* [TASK STATEMENT] Retype the listing found below exactly, but leave out each picture.

* [GIVEN DATA]
=-=-=-=-=
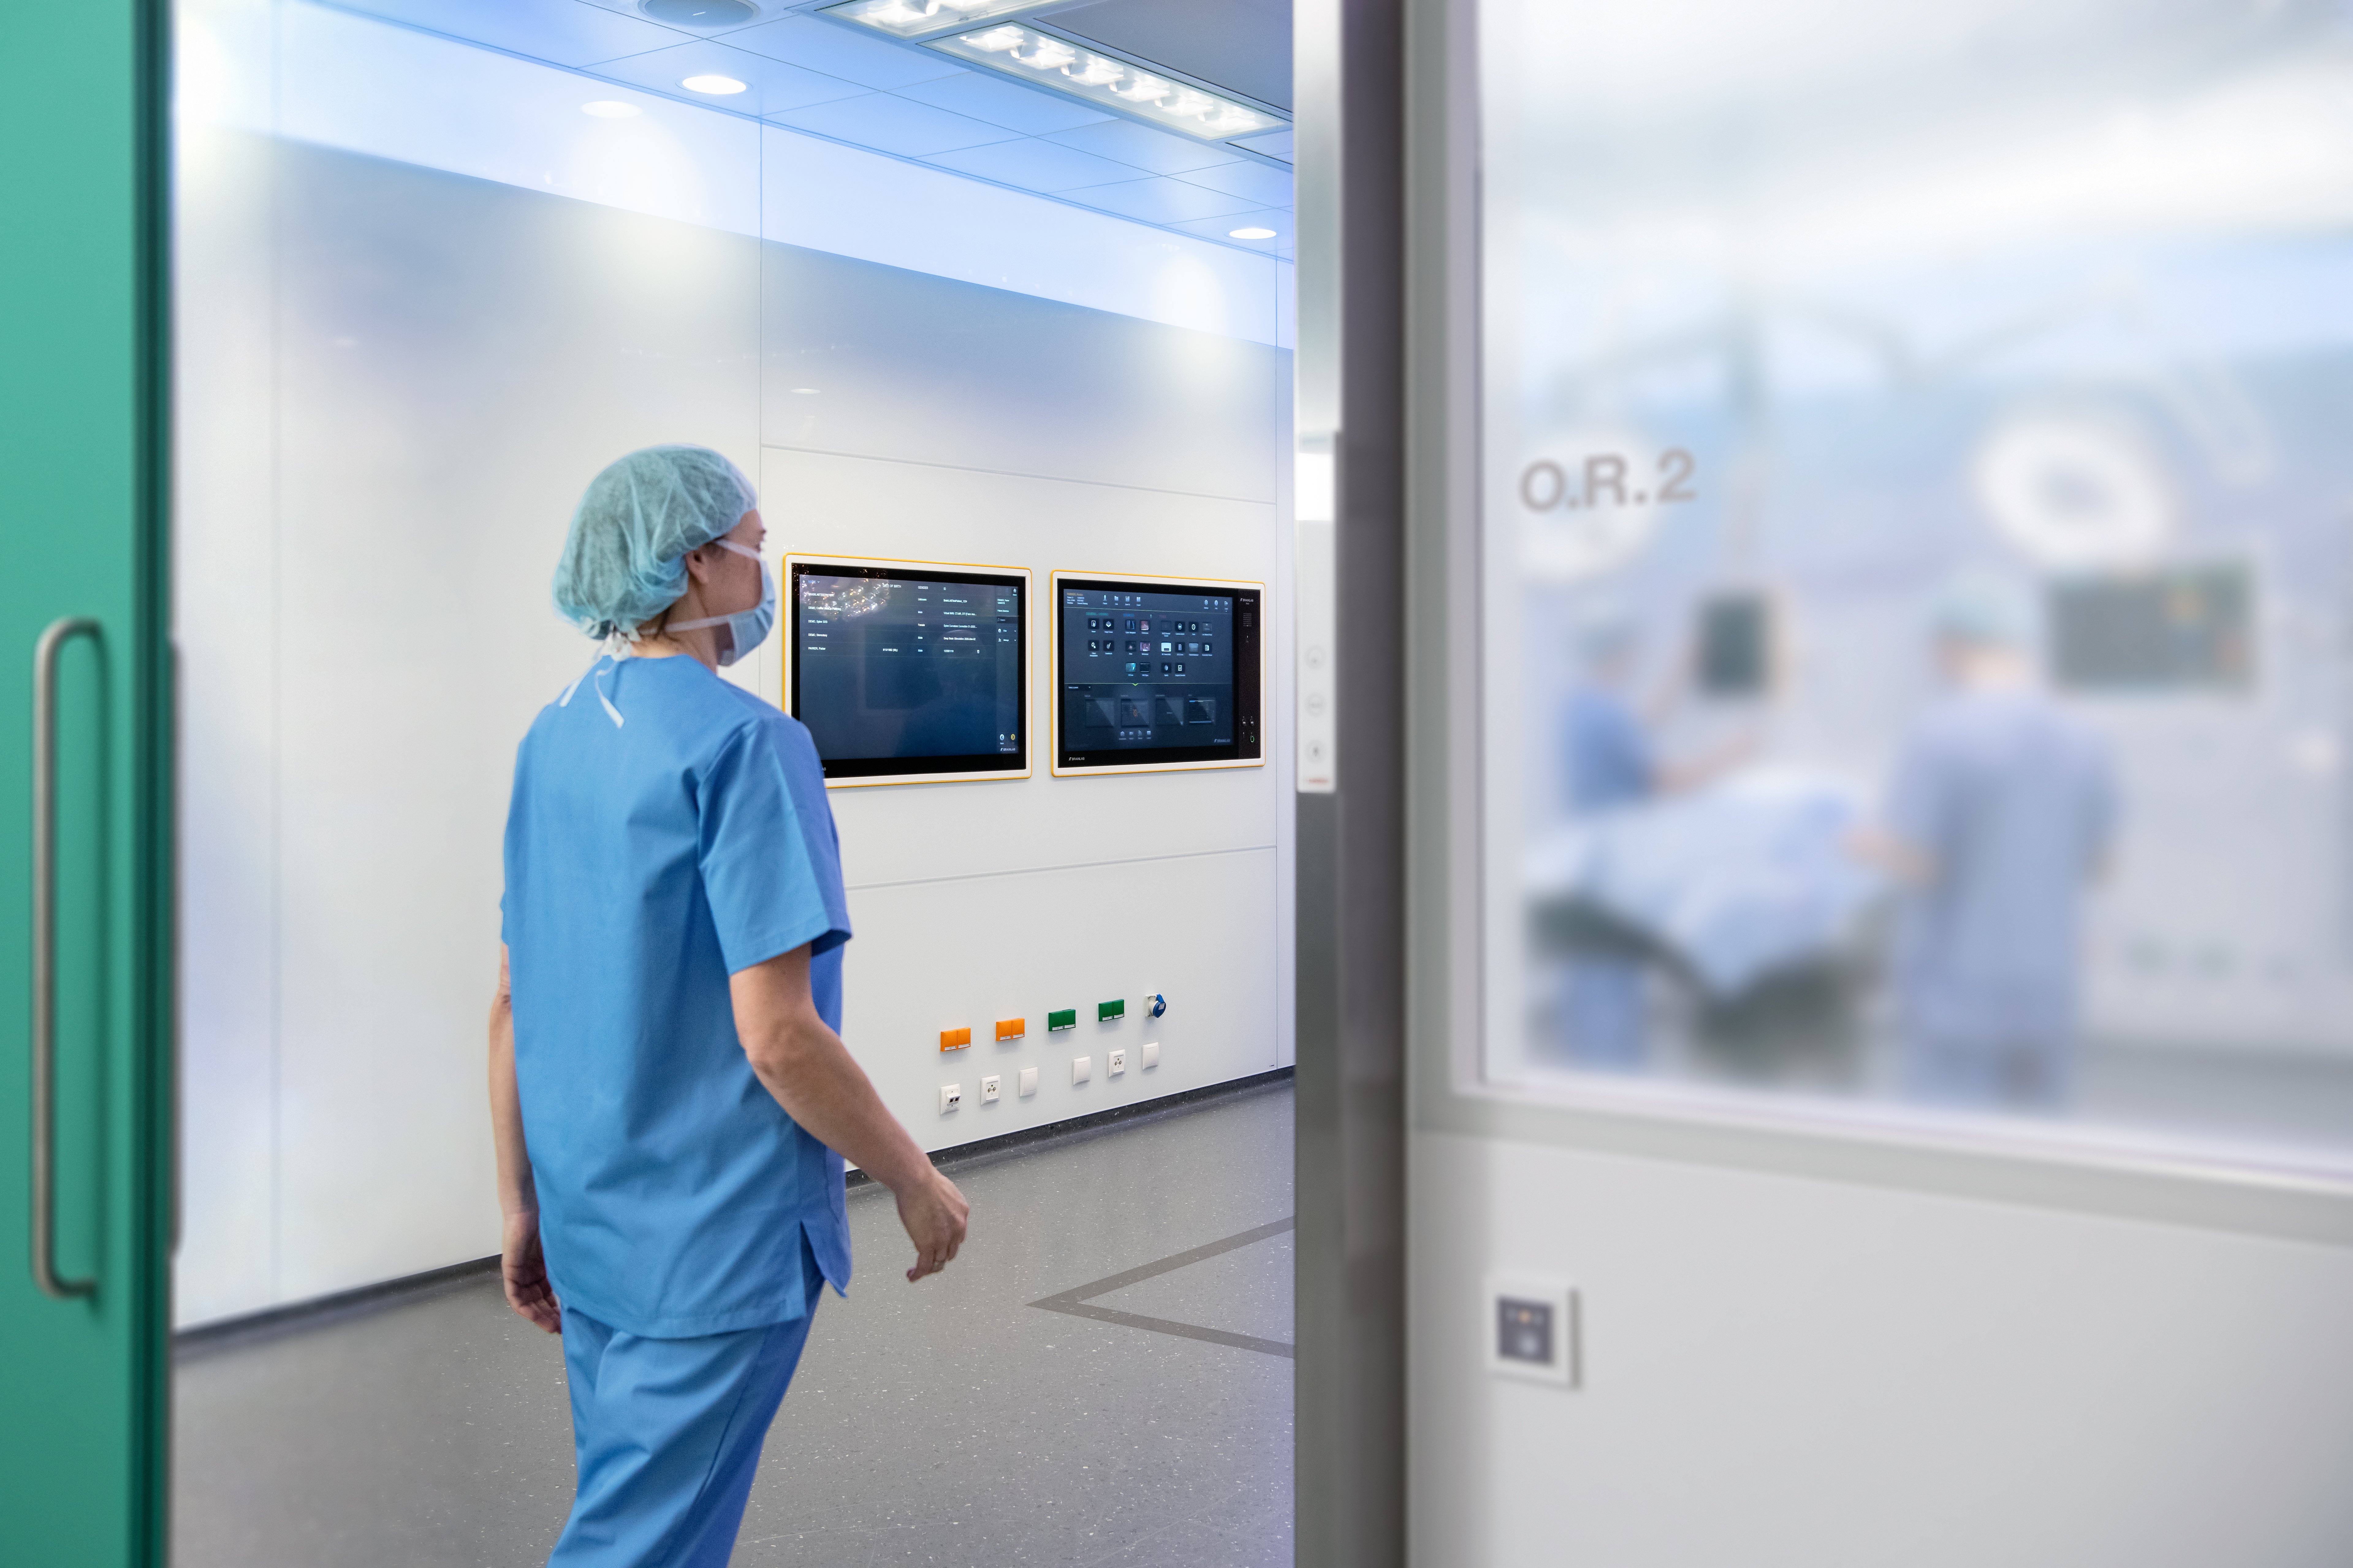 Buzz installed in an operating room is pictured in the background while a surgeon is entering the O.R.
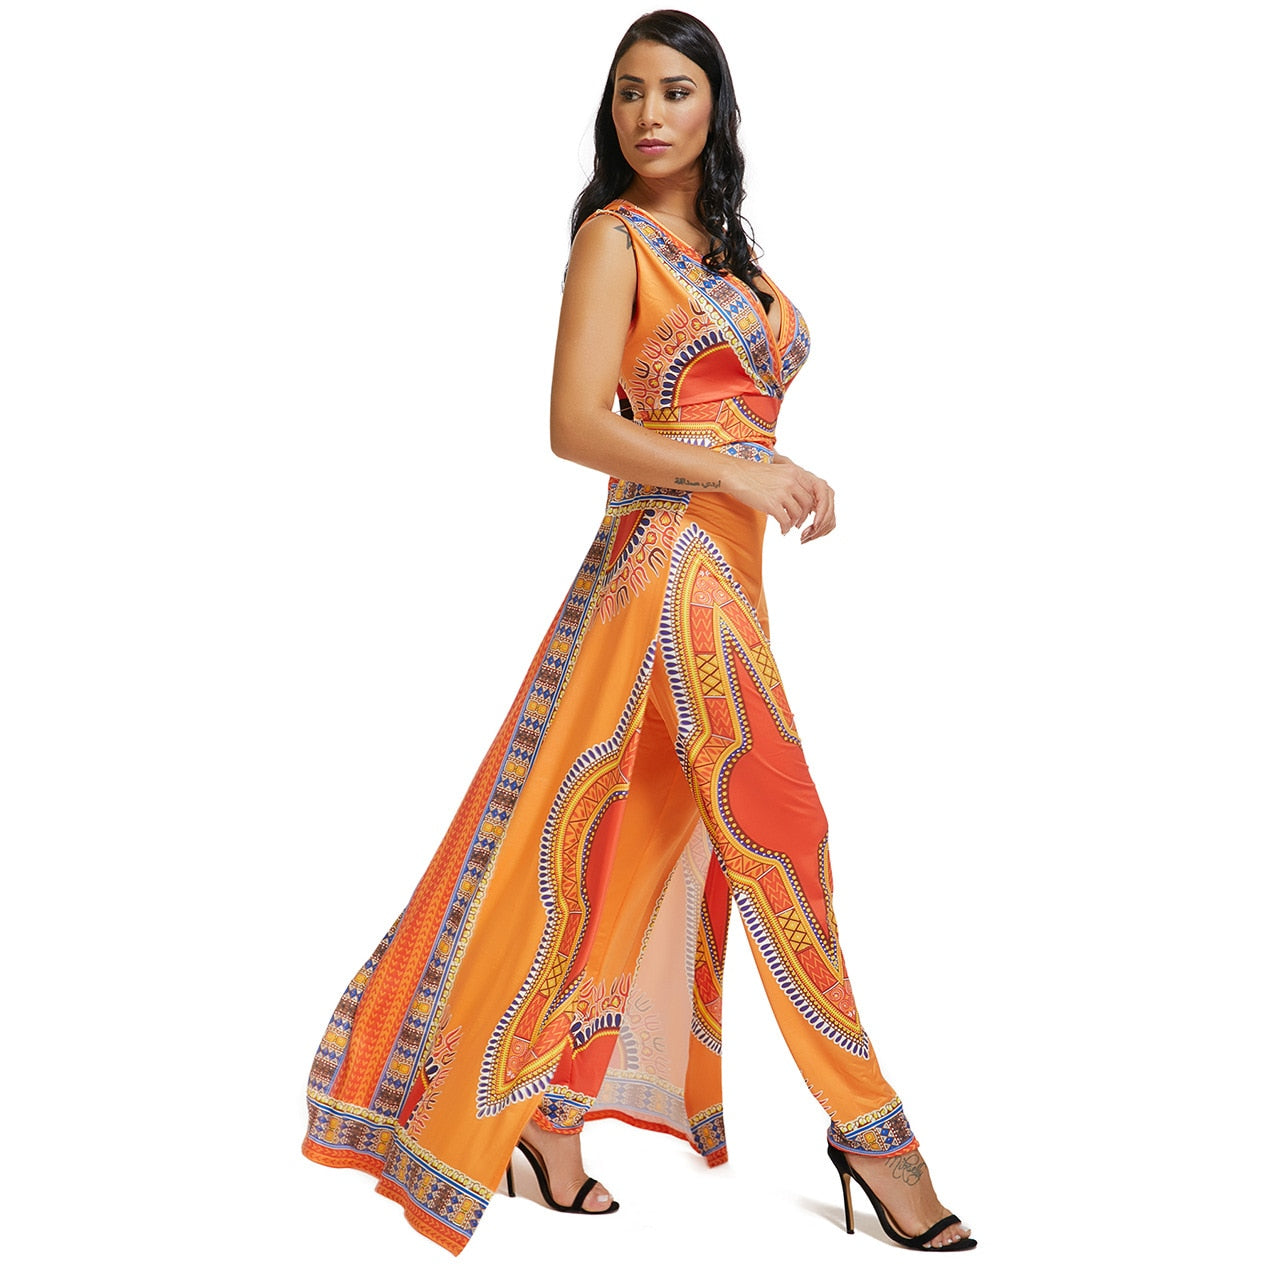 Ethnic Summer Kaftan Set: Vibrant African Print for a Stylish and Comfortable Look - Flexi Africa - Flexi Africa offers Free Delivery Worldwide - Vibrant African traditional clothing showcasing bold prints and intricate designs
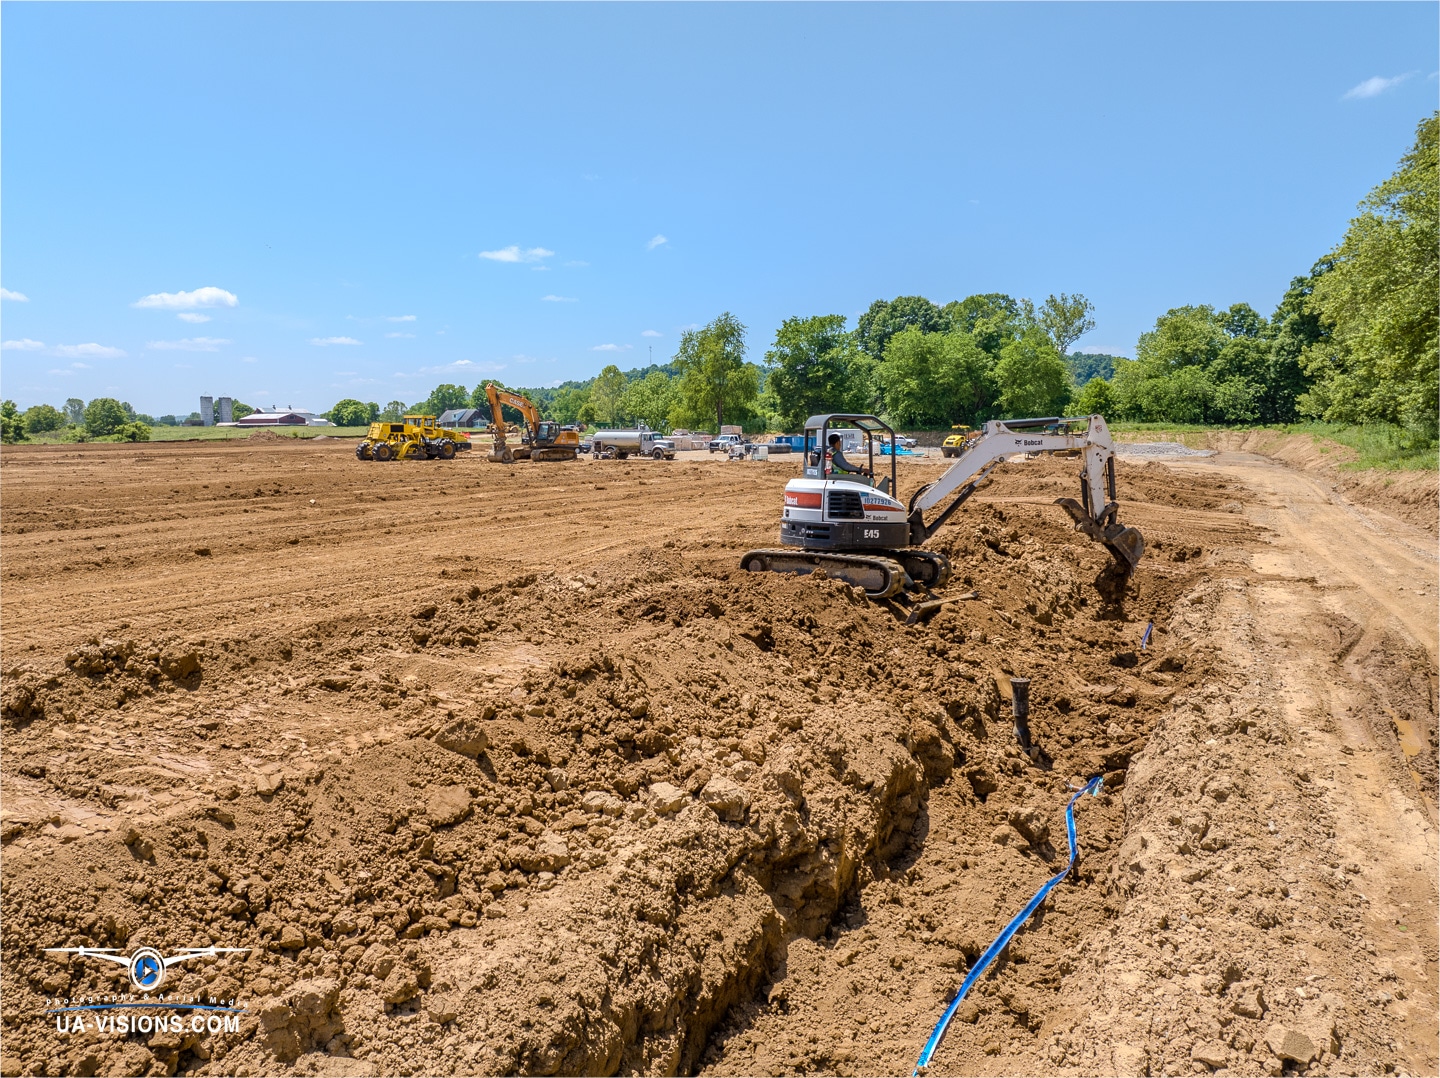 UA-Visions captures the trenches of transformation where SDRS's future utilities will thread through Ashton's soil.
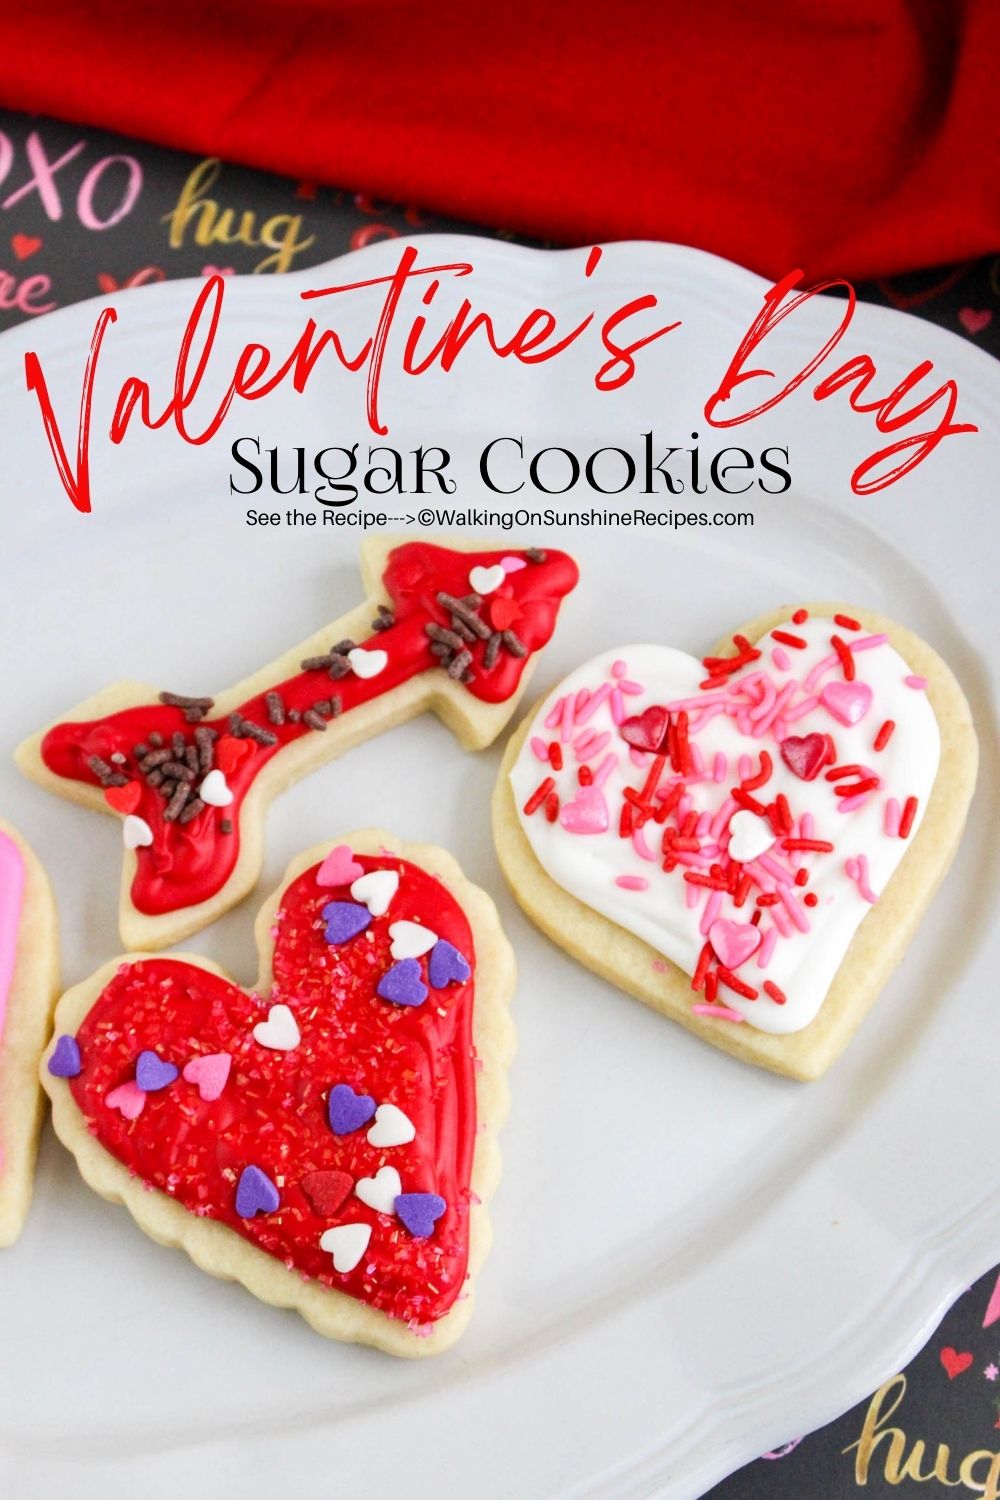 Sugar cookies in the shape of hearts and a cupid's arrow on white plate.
=-=-=-=-=
* [TASK OUTPUT]
 Buzz installed in an operating room is pictured in the background while a surgeon is entering the O.R.
 Ethnic Summer Kaftan Set: Vibrant African Print for a Stylish and Comfortable Look - Flexi Africa - Flexi Africa offers Free Delivery Worldwide - Vibrant African traditional clothing showcasing bold prints and intricate designs
 UA-Visions captures the trenches of transformation where SDRS's future utilities will thread through Ashton's soil.
 Sugar cookies in the shape of hearts and a cupid's arrow on white plate.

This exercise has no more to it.